Background Writer Thread

Within each worker, data generation and disk I/O happen concurrently. A background writer thread pulls blocks from a queue and calls os.write(), while the main thread generates the next block. This works because os.write() releases Python's GIL, allowing the main thread to run getrandbits() and int.to_bytes() in parallel with the kernel write.

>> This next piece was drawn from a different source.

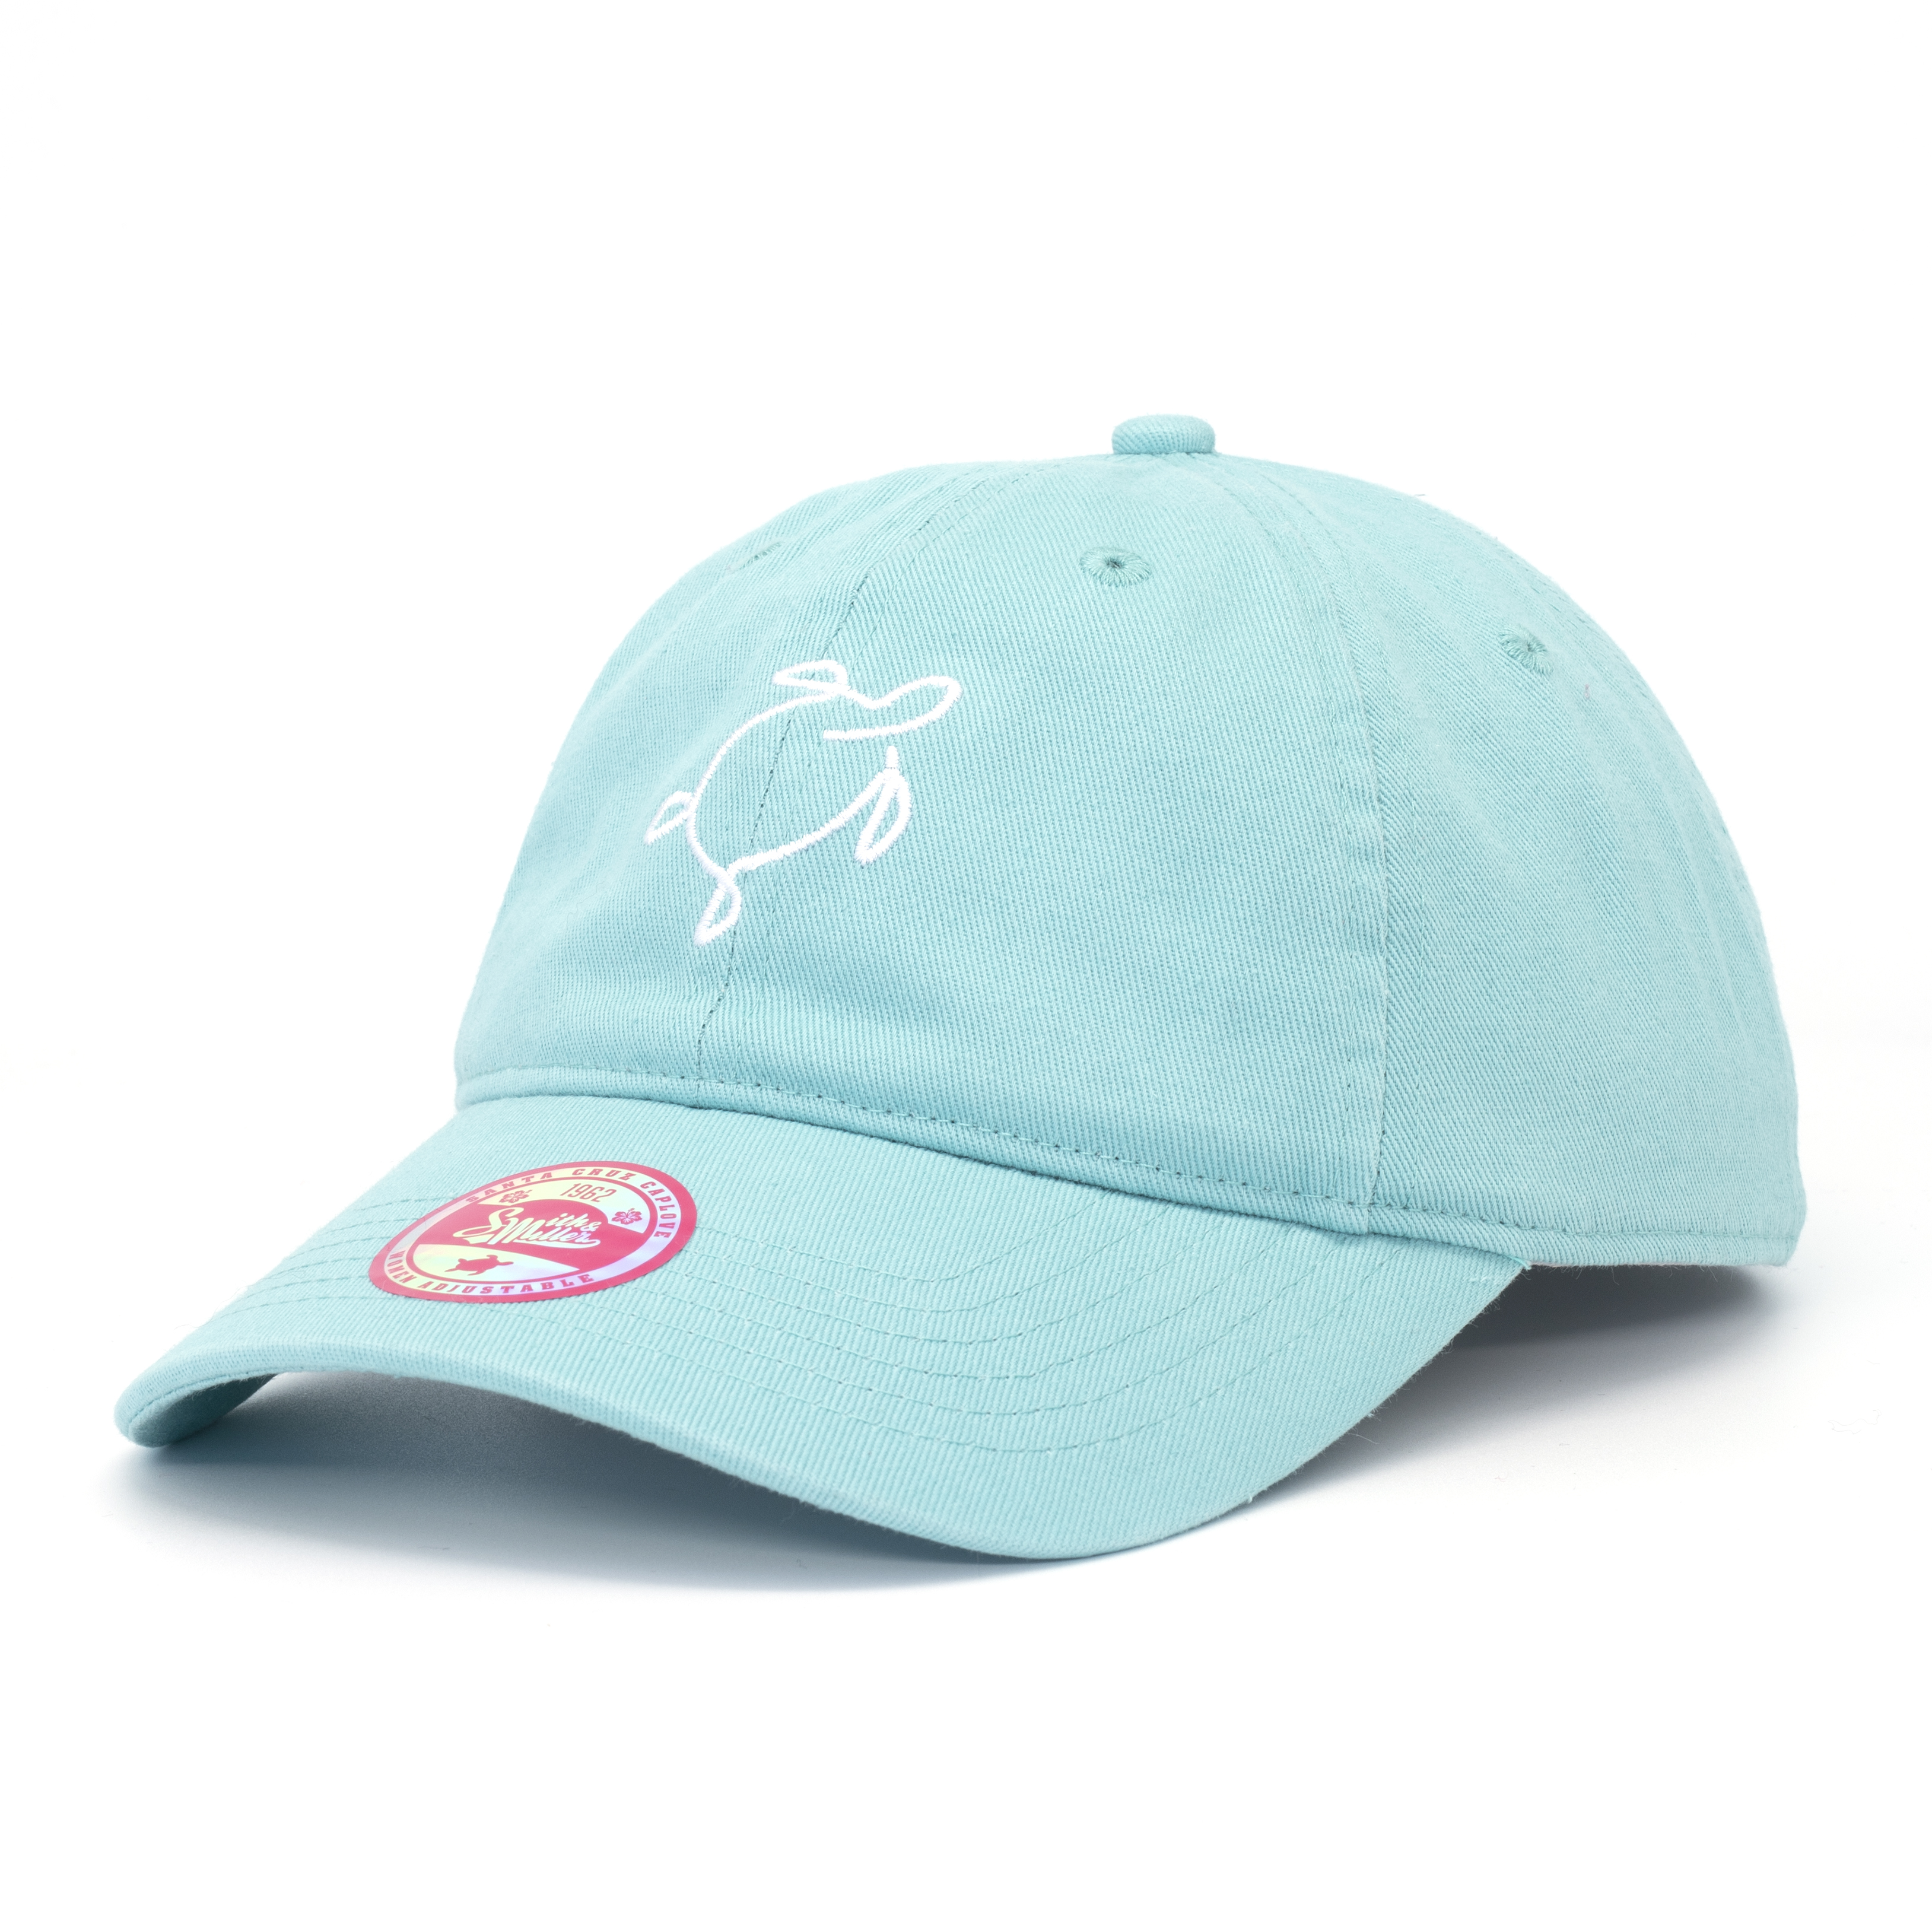 Smith & Miller Filley Women Unstructured Cap, turquoise

This gives roughly a 36% throughput improvement per worker compared to sequential generate-then-write.

Multiprocessing

pushfill spawns one worker process per CPU core by default. Each worker:

  • Gets its own random pool (no shared state for data generation)
  • Uses a background writer thread to overlap I/O with generation
  • Writes to its own set of files (pushfill_WWWW_SSSS.bin)
  • Reports progress via a shared counter (multiprocessing.Value)

Workers are daemon processes and ignore SIGINT — the main process handles shutdown via a shared stop flag.

File Naming

Files are named pushfill_{worker_id}_{sequence}.bin:

  • worker_id — zero-padded worker number (0000, 0001, ...)
  • sequence — zero-padded file sequence within that worker (0000, 0001, ...)

For example, with 4 workers, you might see:

pushfill_0000_0000.bin
pushfill_0001_0000.bin
pushfill_0002_0000.bin
pushfill_0003_0000.bin

Scrub Phase

When a worker hits ENOSPC (disk full), it doesn't stop immediately. Instead, it enters a scrub phase:

  1. Halve the chunk size (e.g. 4 MiB to 2 MiB)
  2. Try writing again
  3. If ENOSPC again, halve again
  4. Continue until the minimum scrub size (512 bytes) is reached

This ensures the very last bytes of free space are filled, not just the space available in full-chunk increments.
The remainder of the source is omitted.